Let's Trade Fixing Ourselves for Accepting Ourselves

This past year, I've felt a lot like a souped-up Ferrari with a banana in my tailpipe (or what I imagine one might feel like, that is). 

I've been up to my curly locks in content, ideas popping like goosebumps, but translation has felt like untangling a raccoon caught in barbed wire.  

So, I did what any reasonable person would do—I tried to fix myself. Naturally, the situation called for more meditation. 

I decided to take my walks in silence rather than blab on the phone, multitasking, or listening to books and podcasts.

In other words, my ill-guided ego felt that a flood of clarity and brilliance would release if I demanded my scattered part be present instead of…well, scattered.

It was like shaming a leopard for wearing spots two days in a row.

Invariably, I'd catapult into my week, booked solid, kicking myself for squandering the only free day I had that week to “produce.”

Here's what I've learned (and you likely may not like to hear): our personality parts don't go anywhere. 

My scattered part, your anxious part, the part of any of us that second-guesses everything? With us to stay. We came in with them, we're going out with them.

 Trying to eliminate that part of myself was merely my mind's grand scheme to mute a part of me it thinks we need to hate.

So what if my scattered part likes a good gab or binge-watching Netflix gossipy documentaries? Let Her!! 

In fact, when I do so without judgment, she settles down, allowing more productive parts to come online.
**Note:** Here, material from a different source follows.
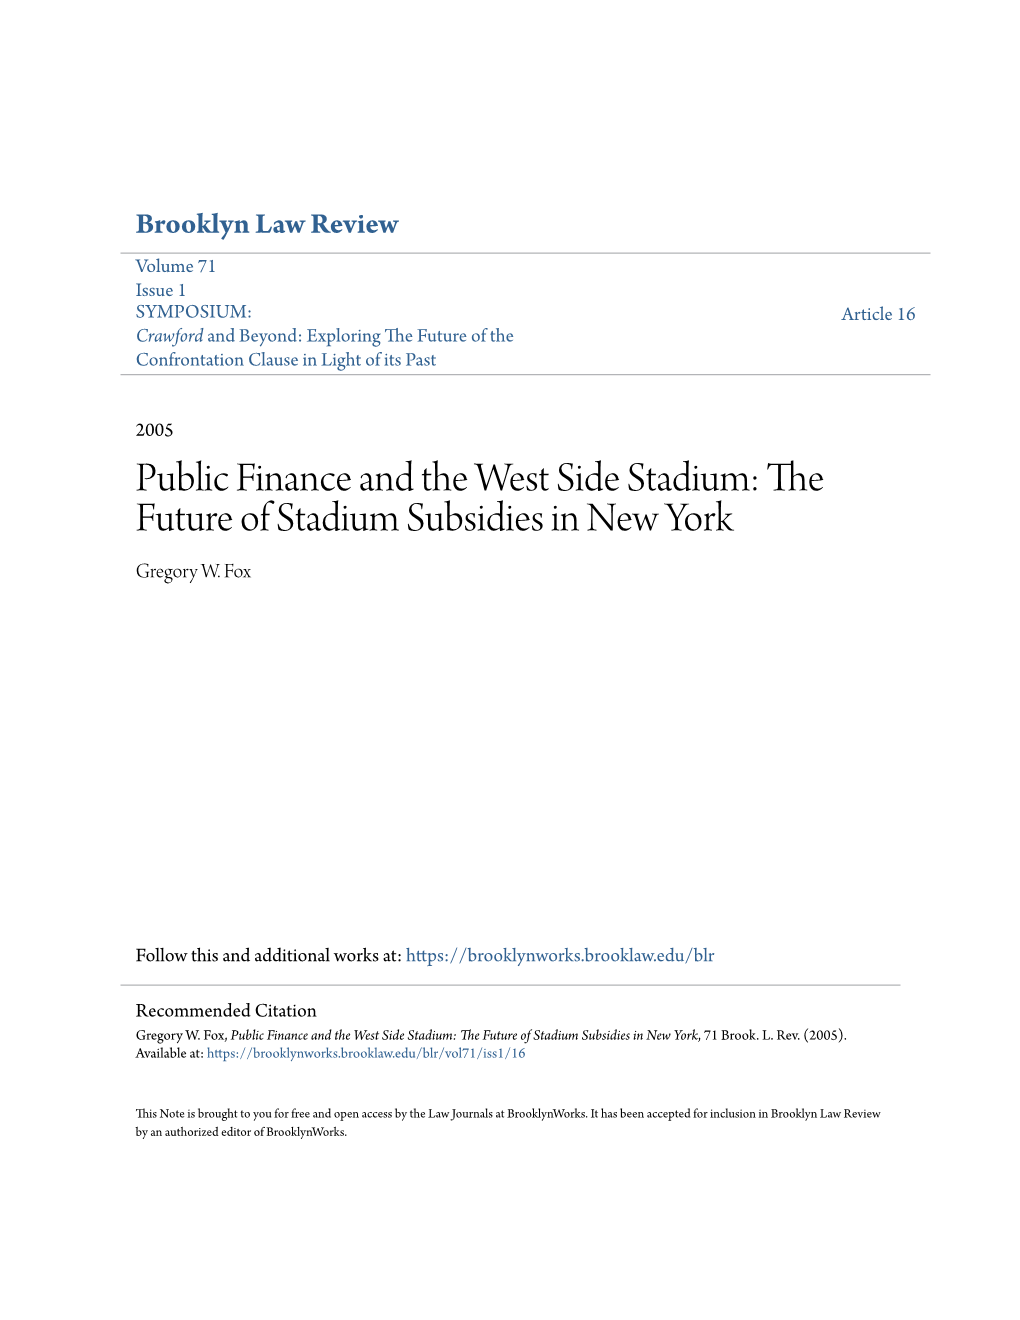 Public Finance and the West Side Stadium: the Future of Stadium Subsidies in New York Gregory W

Think of your egoic parts like toddlers. Don't try to reason with them mid-meltdown. Let them have their emotions (and maybe a snack), and they'll stop putting gum in your hair and start to play nice.

Your perfectionist part isn't trying to torture you; he's trying to make sure you don't put junk out into the world. Your insecure part is trying to make sure you don't get hurt. So why not show some respect?